**Data block**
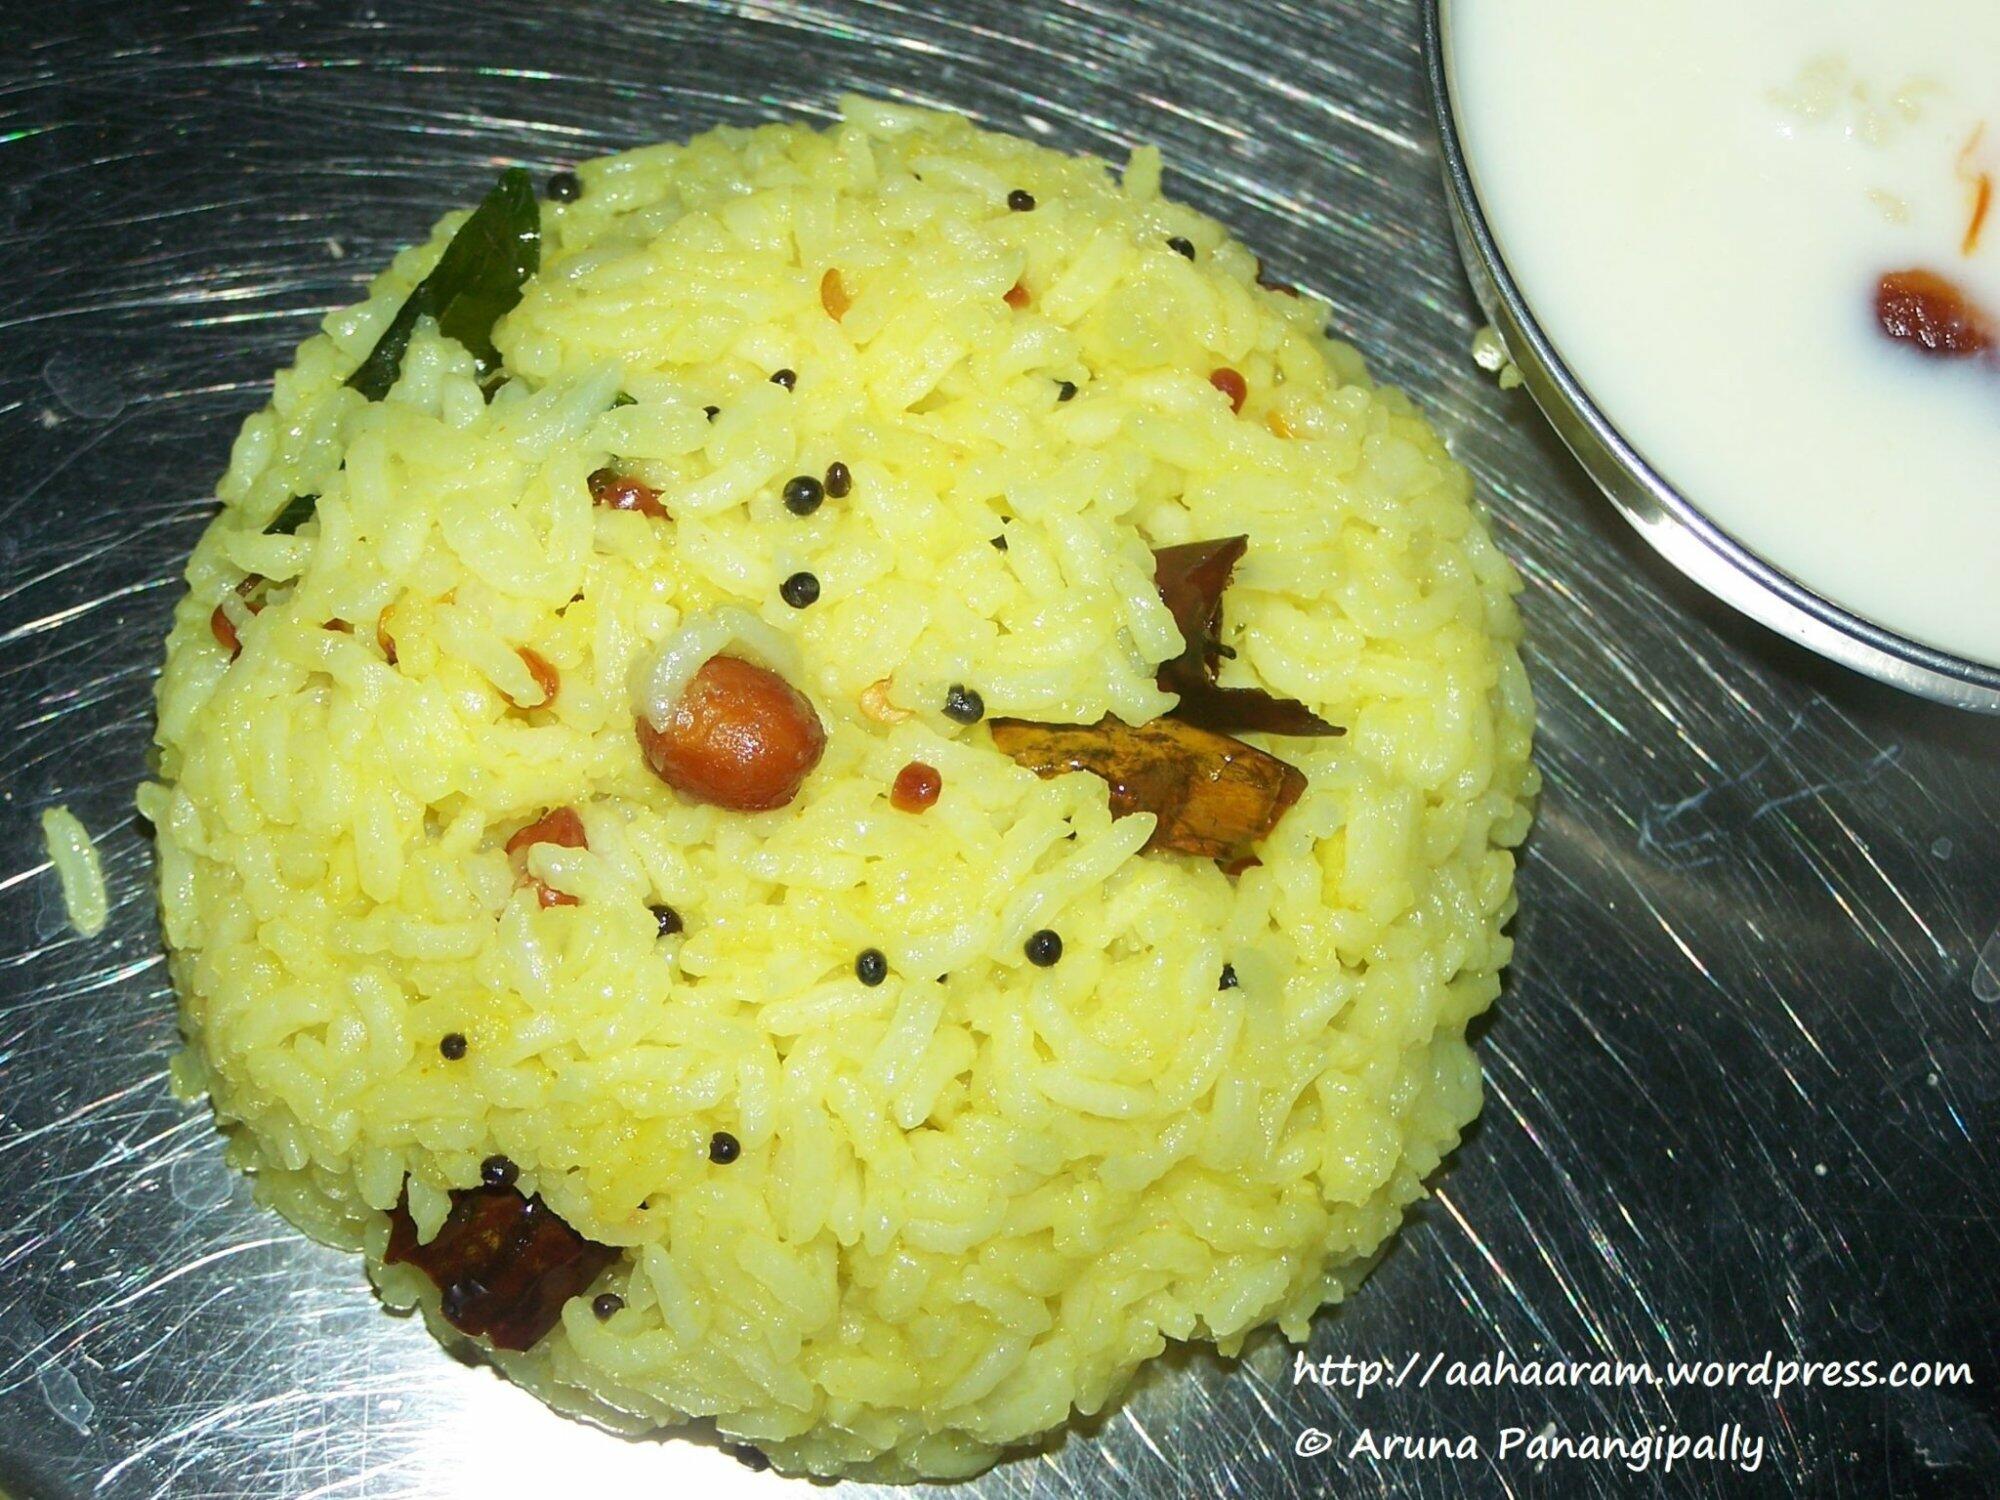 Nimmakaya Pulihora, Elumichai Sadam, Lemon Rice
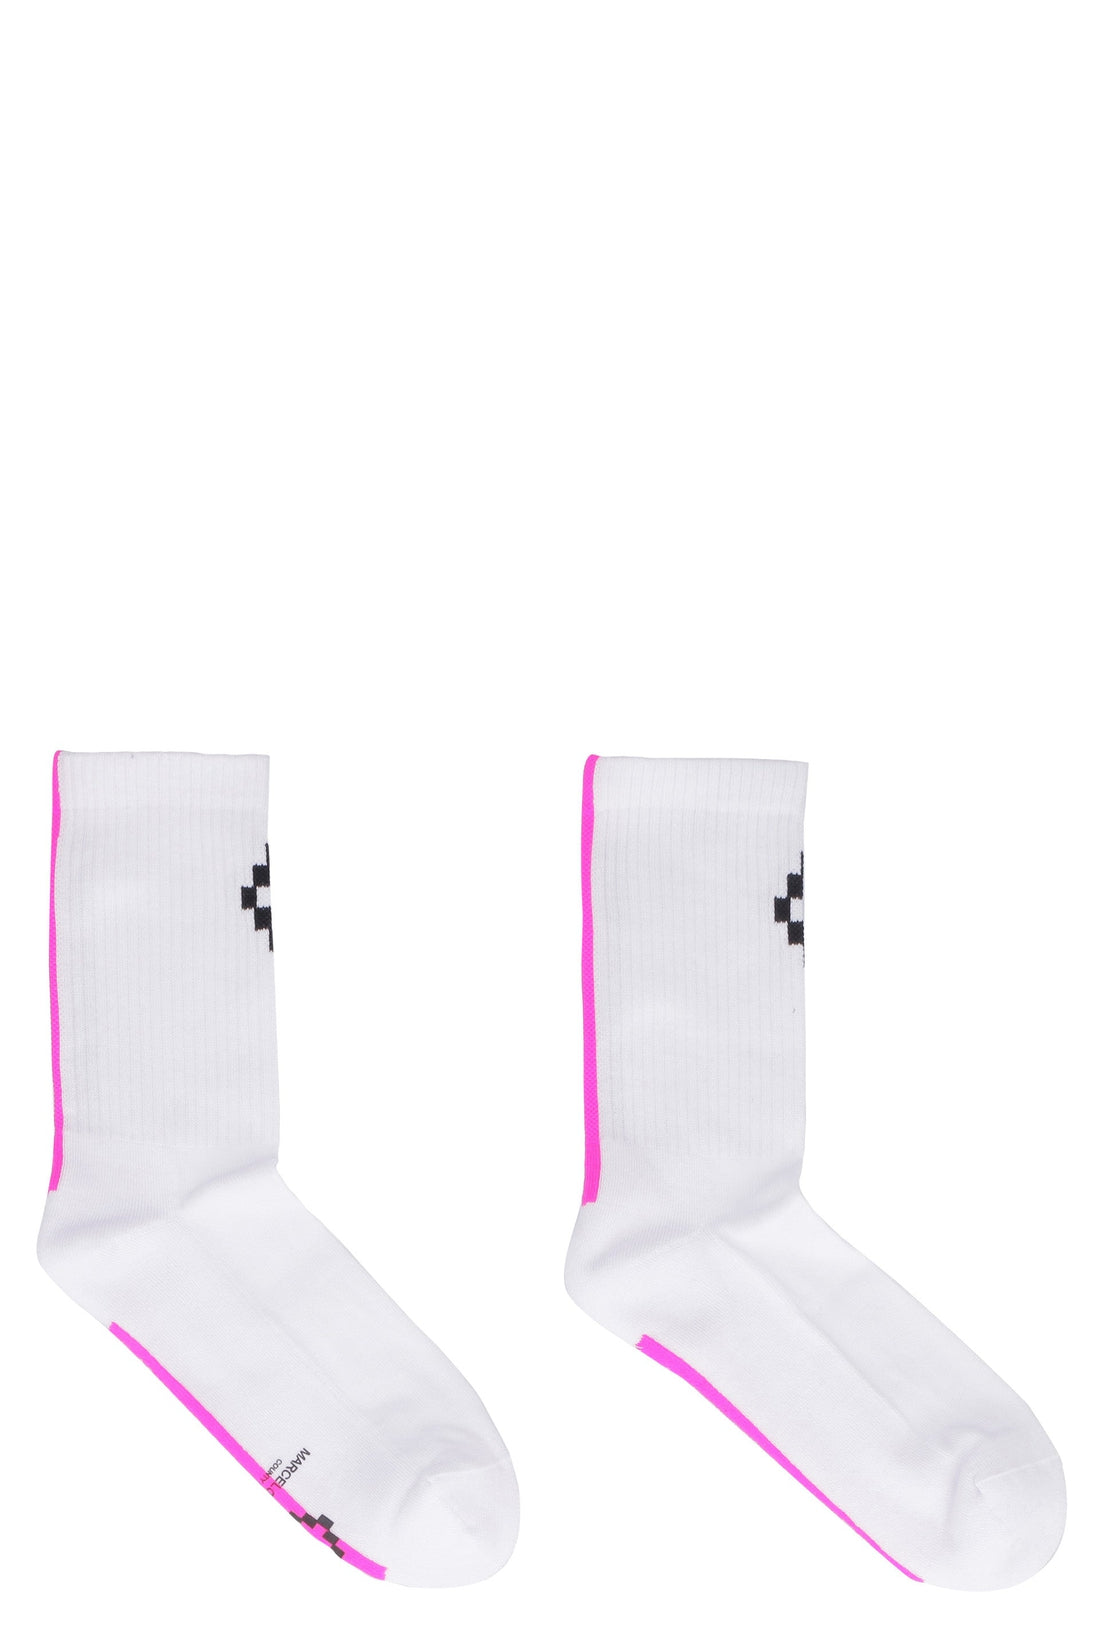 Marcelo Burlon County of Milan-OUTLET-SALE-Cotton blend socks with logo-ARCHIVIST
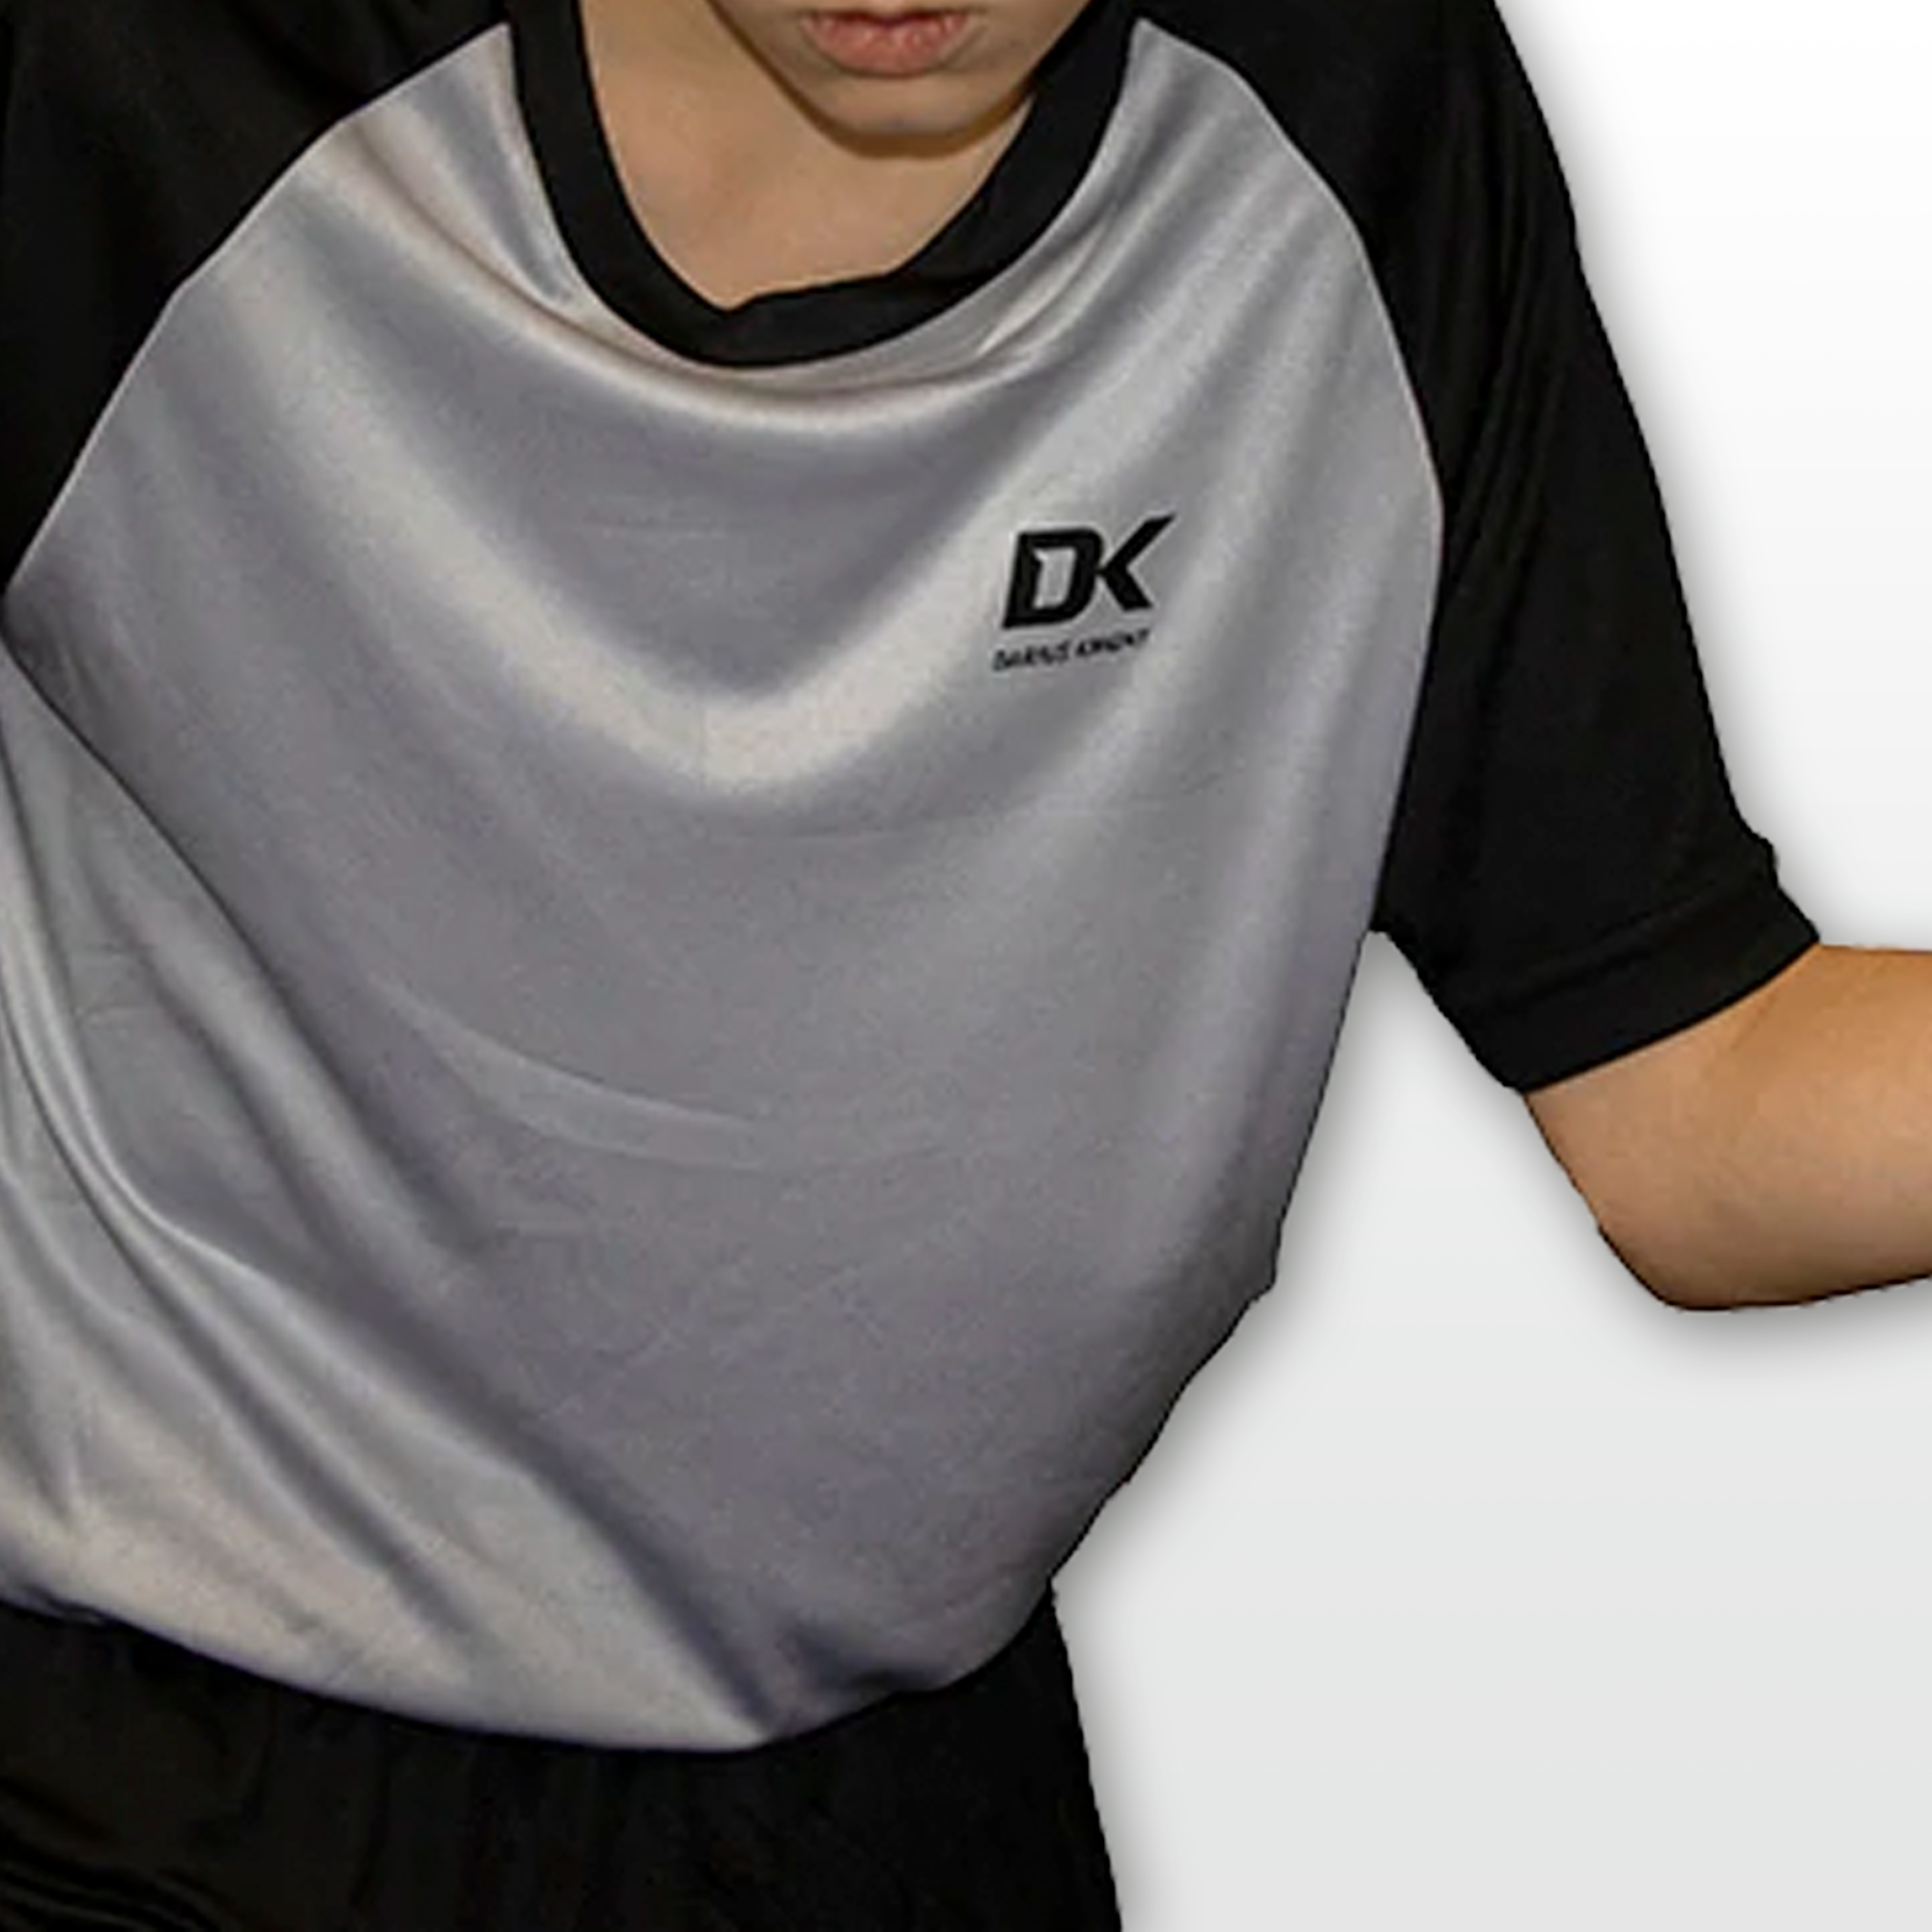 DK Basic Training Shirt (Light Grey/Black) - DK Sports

**Task goal**
Output everything in the material exactly. Pictures stay out of it.

**Result of the exercise**
 Nimmakaya Pulihora, Elumichai Sadam, Lemon Rice
 Marcelo Burlon County of Milan-OUTLET-SALE-Cotton blend socks with logo-ARCHIVIST
 DK Basic Training Shirt (Light Grey/Black) - DK Sports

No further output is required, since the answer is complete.